Наутро я, наряженная в платье Марион, наняла экипаж и готова была отправиться в путь.

Марион прижимала к груди дорожный чемоданчик, пока я забиралась в карету, и вздыхала:

- Не понимаю, зачем тебе ехать в Саммюзиль-форд. Перед самой свадьбой, когда в столице праздник за праздником… Ты точно решила, Эмили?

- Совершенно точно, - сказала я, расцеловав ее на прощание. – Это всего лишь поездка домой, ничего особенного.

Умение врать не моргнув глазом становилось моей сильной стороной. Никогда раньше я не замечала за собой таких талантов, но сейчас они просто били фонтаном.

- Хорошо, если так, - подруга как-то странно посмотрела на меня. – Ты уверена, что ничего больше не хочешь мне рассказать?

- О чем ты? – удивилась я, забирая у нее чемоданчик.

Мне не терпелось отправиться в путь, но Марион не дала закрыть дверцу, удержав ее.

- Эмили, - сказала моя подруга, помедлив. – С тобой все в порядке? Ты изменилась.

- И в чем же я изменилась? – я улыбнулась, чтобы успокоить ее.

- Не знаю, - Марион наморщила лоб. – Но всё как-то не так…

- Что не так?

- Ты стала какой-то другой. Вроде бы и лицо то же, но ты словно стала другим человеком. Как будто надела маску. Или… сняла ее…

- Ну что за глупости ты болтаешь? – я даже засмеялась, чтобы показать, как нелепо это всё прозвучало. – Ничего не изменилось, никаких масок. Я  - та же Эмили, твоя приятельница из Саммюзиль-форда. Не выдумывай, пожалуйста.

Марион отпустила дверцу, и я весело помахала рукой, приказав кучеру ехать.

- Будешь возвращаться – заезжай в гости! – крикнула Марион вслед карете.
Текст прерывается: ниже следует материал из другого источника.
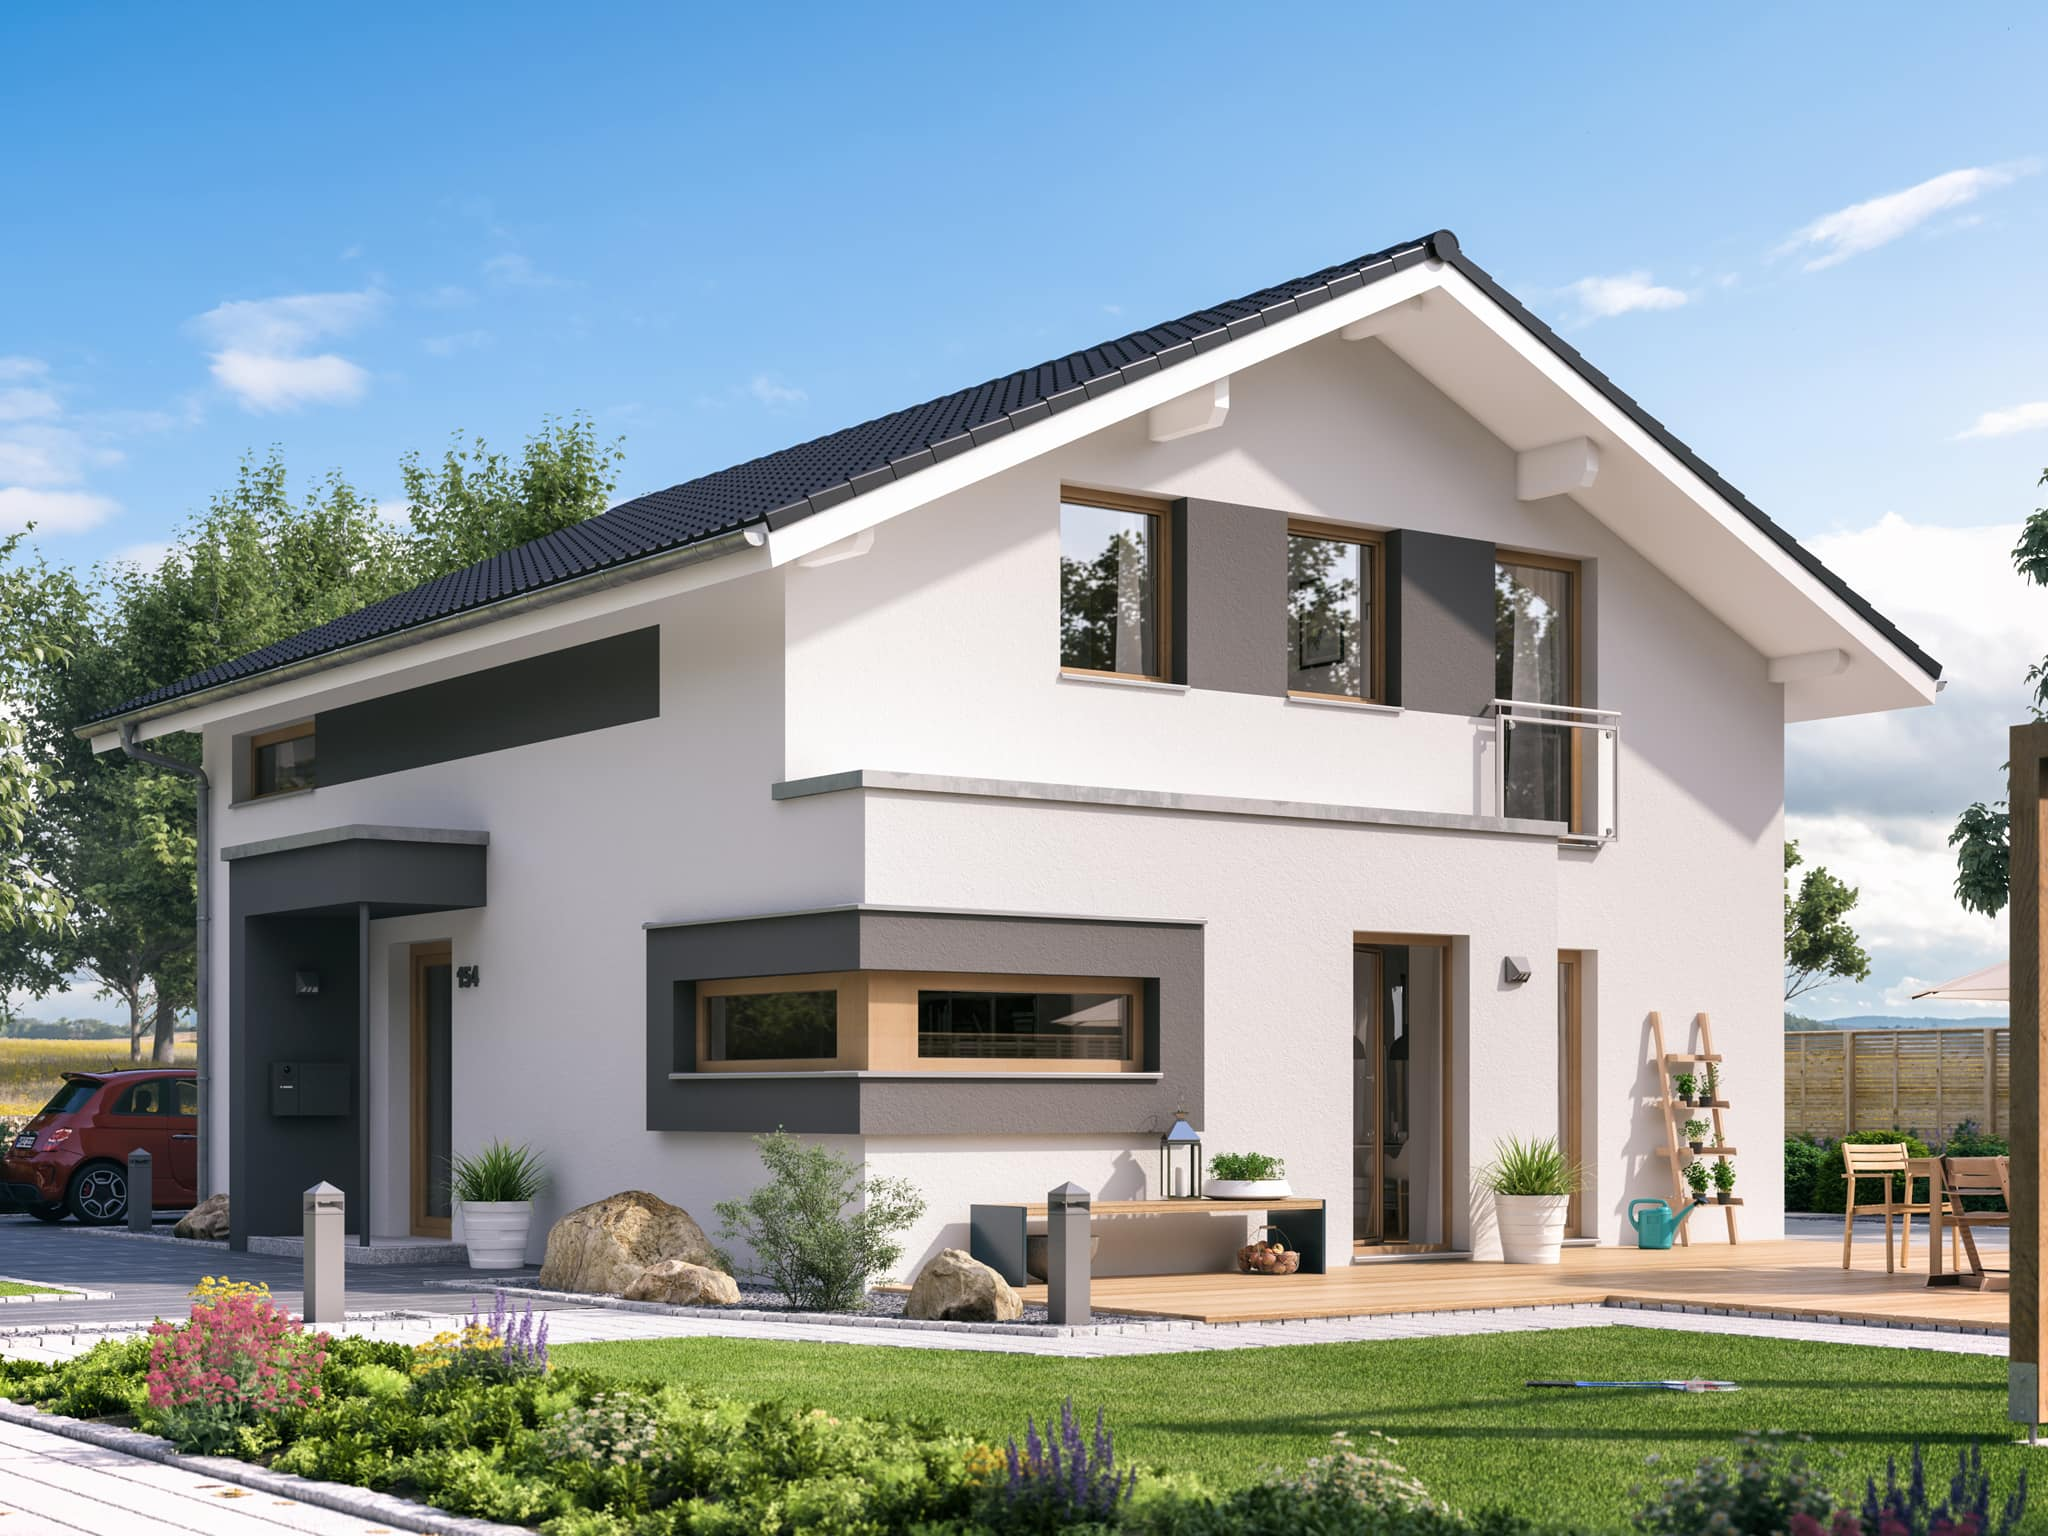 Haus Design modern mit Satteldach & Putz Fassade mit Erker, 5 Zimmer Grundriss, 150 qm - Fertighaus Living Haus SUNSHINE 154 V5 - HausbauDirekt.de

Я снова махнула рукой, показывая, что услышала.

Но когда карета выехала за ворота Чиппендейла, окликнула кучера:

- Я передумала. Мы едем в Эйкедж-вилль, в пансион святой Линды.
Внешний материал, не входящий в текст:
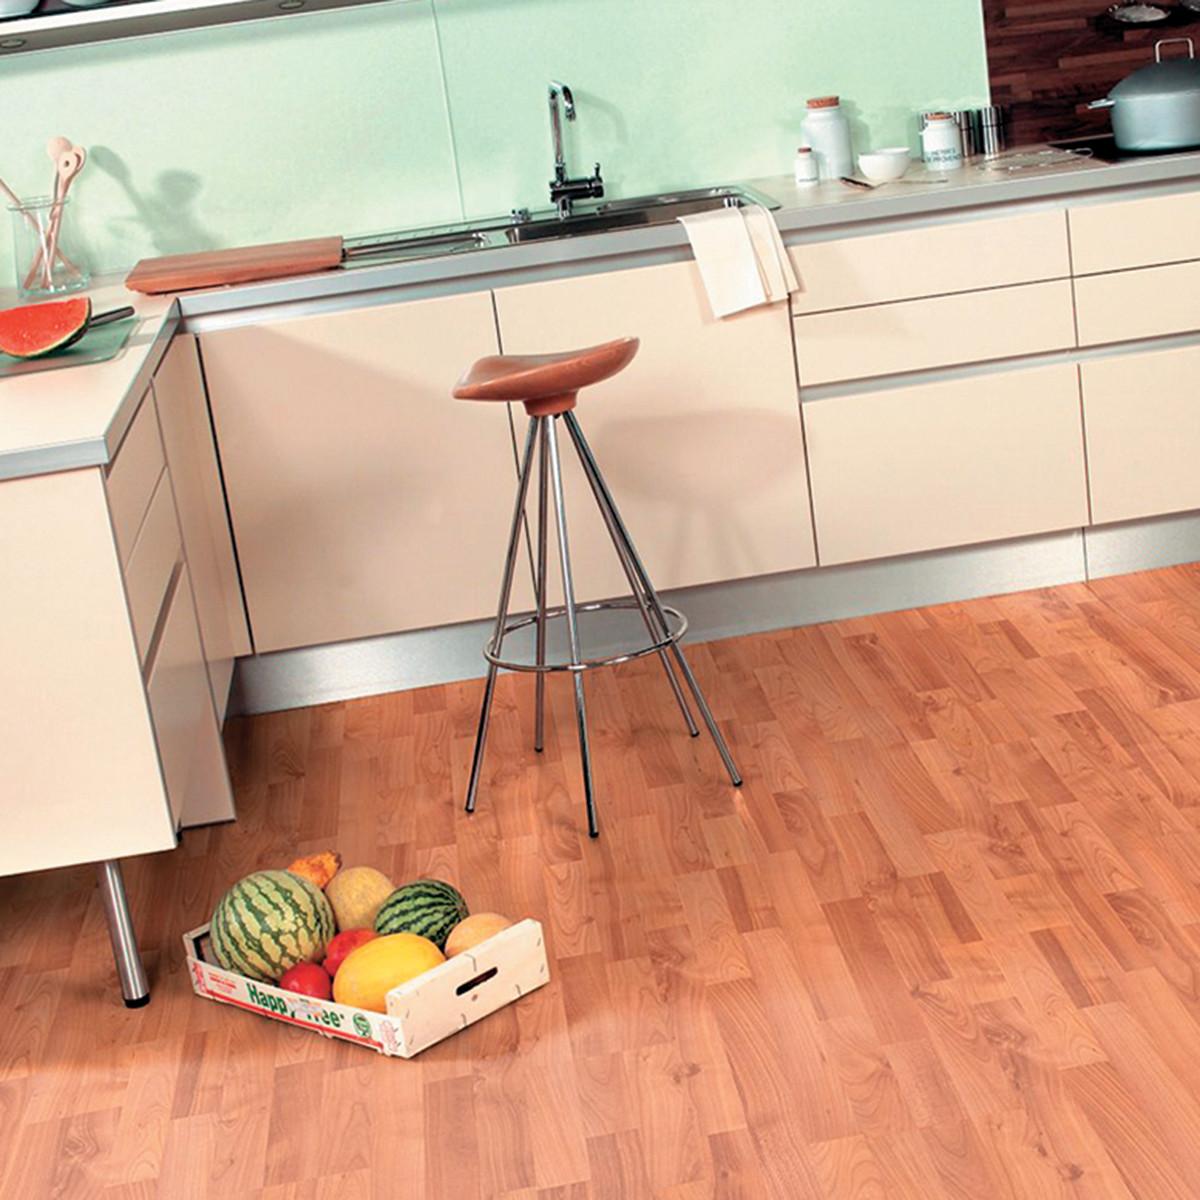 Parquet Per Bagno E Cucina. Gallery Of Parquet Per Cucina With ...

Кучер не стал спорить, и карета свернула к востоку. Я смотрела в окно, стараясь не думать ни о чем. Но в мыслях назойливо крутились прощальные слова Марион: как будто ты надела маску, или сняла её…

Так надела или сняла?..

16. Чтобы узнать правду

Эйкедж был таким же небольшим городком, как и Линтон, в котором прошло мое детство. Карета въехала в главные ворота уже в сумерках, но я не волновалась – в городе была гостиница, там я и хотела переночевать, чтобы утром отправиться обратно. А матушка Бевина не откажется принять меня и вечером.

Через пару дней я вернусь в столицу и брошу письмо с подтверждением в лицо колдуну. Пусть лопнет от злости, что его подлость не удалась, и не получилось очернить меня.
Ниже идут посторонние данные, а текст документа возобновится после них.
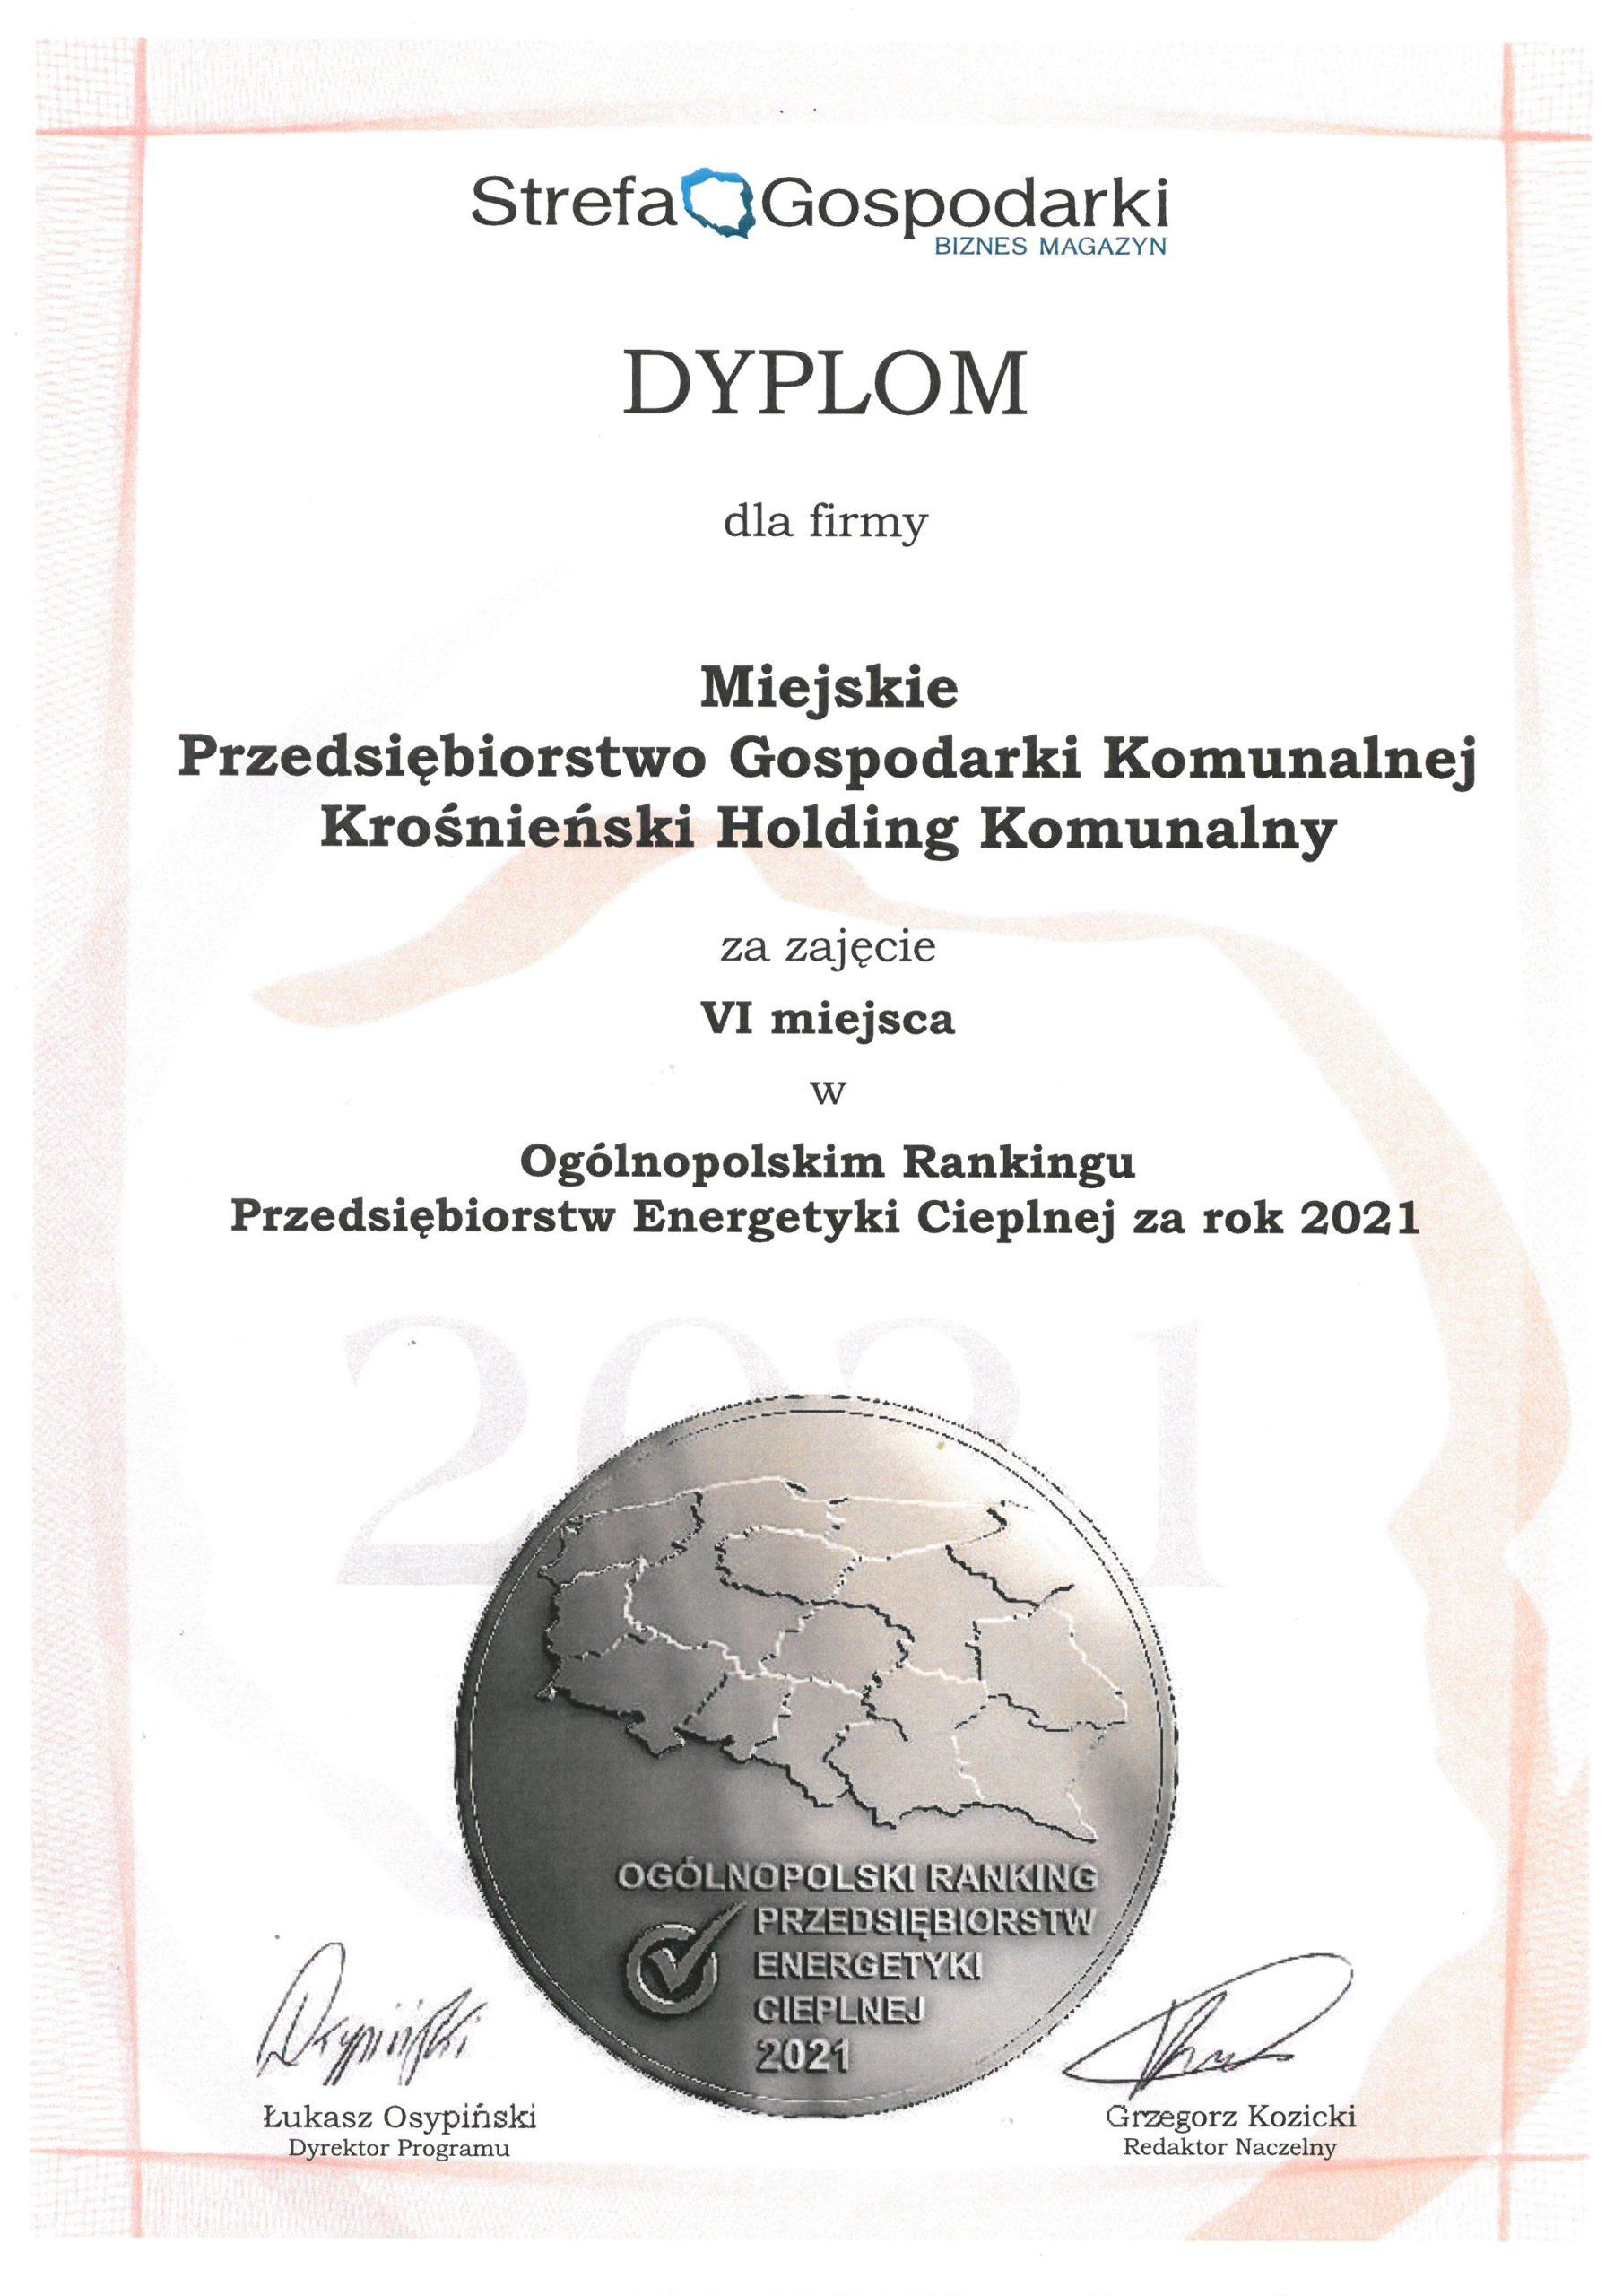 Krośnieński Holding Komunalny

Подумав об этом, я испытала злую радость и тут же одернула себя.

Стоп, Эмили. Можно подумать, ты делаешь это ради колдуна. Нет, ты делаешь это ради своего честного имени, ради Аселина…

Но мысли об Аселине только добавили тревожности, и я постаралась прогнать их подальше. Об Аселине я подумаю… потом. А сейчас можно насладиться путешествием.

Открыв окно, я смотрела на извилистые мощеные улочки, пышные заросли желтых акаций, и радовалась, что сейчас увижу каменные стены пансиона. Увижу липовые аллеи, где гуляла с подругами… И шиповник, наверное, ещё не отцвел…

Расплатившись с кучером, я договорилась, что мы выезжаем завтра в шесть утра, взяла чемоданчик и дернула веревку колокольчика над низкими дверями пансиона.

Мне недолго пришлось стоять на крыльце – через две или три минуты дверь распахнулась, и молодая монахиня в сером платке и черном платье с белым воротничком, приветливо спросила, что мне угодно.

- Добрый вечер, - улыбнулась я ей. – Мое имя – Эмили Валентайн. Я обучалась в вашем пансионе, закончила его в прошлом году. Могу я видеть матушку Бевину?

- Матушку Бевину? – переспросила монахиня в замешательстве, и я похолодела – неужели настоятельница умерла?

Может, в этом тоже виноват колдун?!

- Матушка Бевина, - заговорила я, волнуясь, - настоятельница… Что с ней? Мне необходимо увидеть её.